La première raison tient bien entendu au volume et au type de données qui sont appelées à y transiter. Si jusqu’ici les réseaux mobiles servaient avant toute chose à connecter les personnes, la 5G a été de son côté envisagée pour connecter les objets, surtout les plus sensibles. Le volume de données va donc exploser, avec encore plus d’informations potentiellement disponibles, mais surtout beaucoup de données sensibles, industrielles, de santé ou même vitales pour les États. Si son potentiel est pleinement exploité, la 5G permettra en effet de faire transiter absolument tout.

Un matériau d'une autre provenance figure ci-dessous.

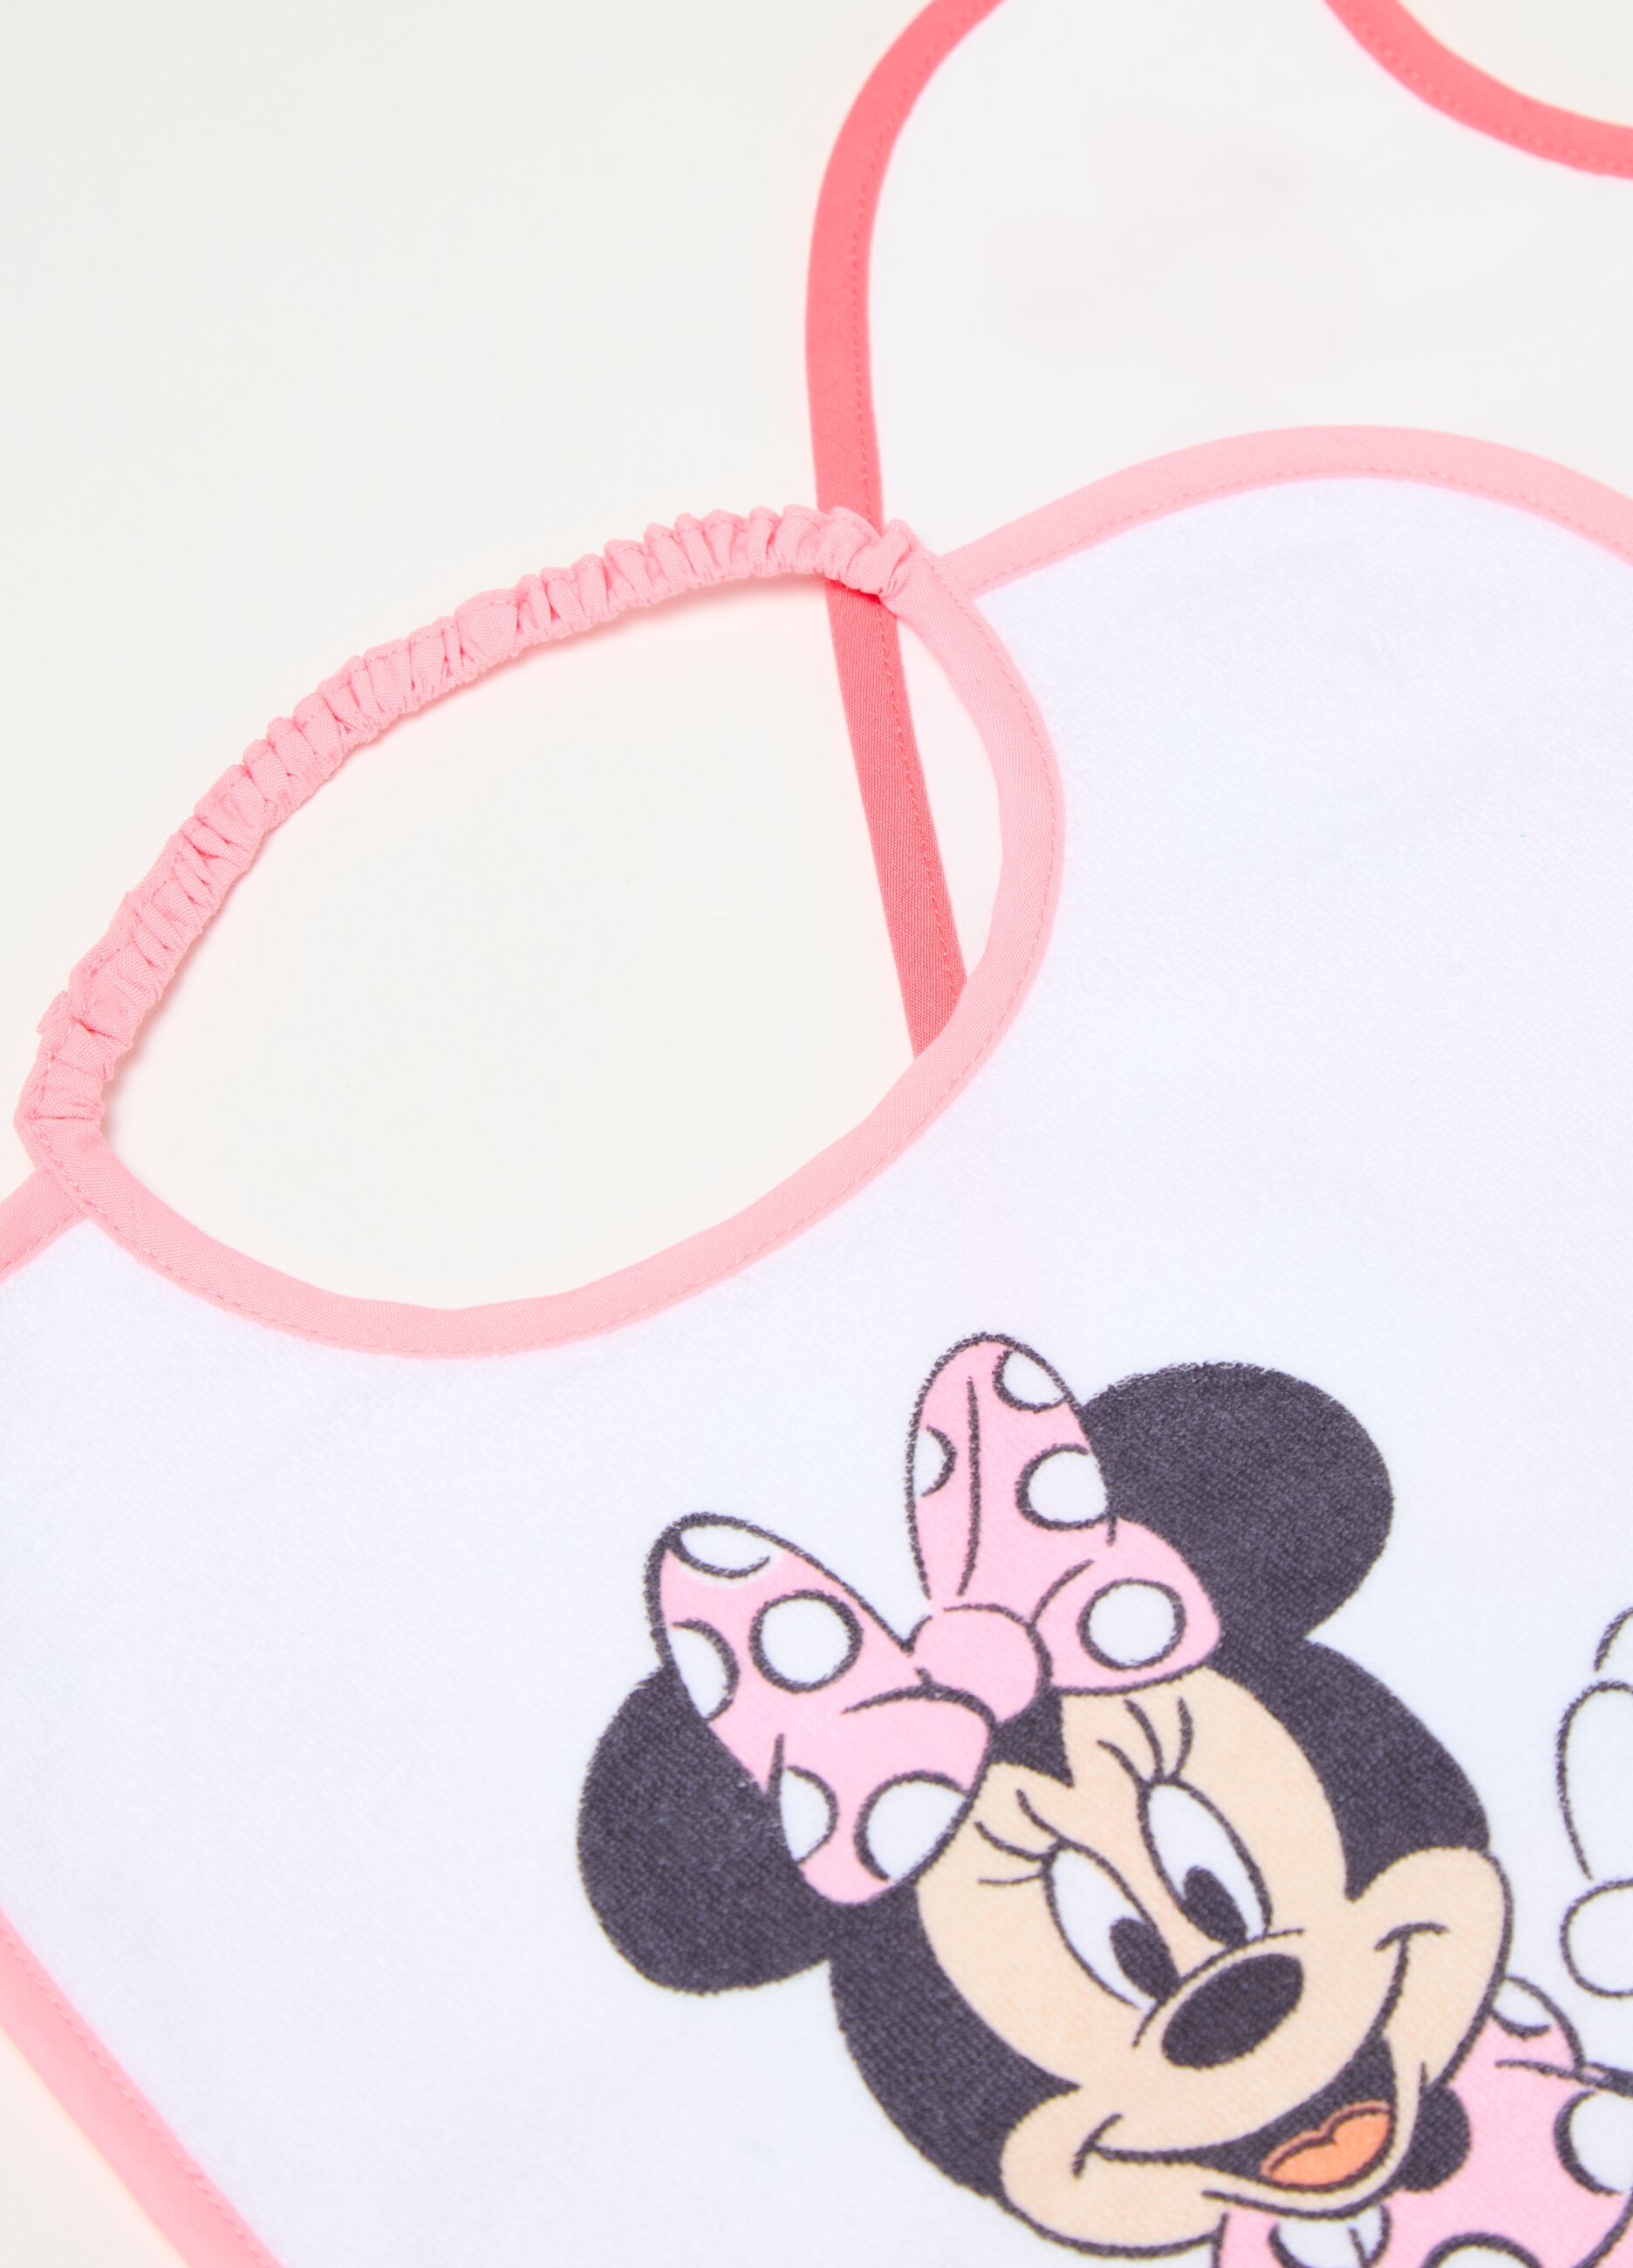 Two-pack bibs with PEVA backing and Minnie Mouse print

Mais le problème vient également de la structure même du futur réseau. Là où les réseaux mobiles demandaient, jusqu’ici, une sécurisation principalement au niveau du coeur du réseau, c’est-à-dire les équipements installés chez les opérateurs qui permettent de faire transiter les données, elle concernera avec la 5G tant ces derniers que les équipements radios, c’est-à-dire les antennes et équipements qui leurs sont associés, pouvant ainsi présenter autant de points d’entrée possibles pour pirater un réseau.

Cette différence est due au fait que la 5G est pensée de manière à proposer un réseau dynamique, en partie virtualisé et intelligent, capable de s’adapter aux besoins selon les zones ou les usages précis, avec une structure en couche qui prendra en compte les différents besoins (santé, transport, industrie, usagers…).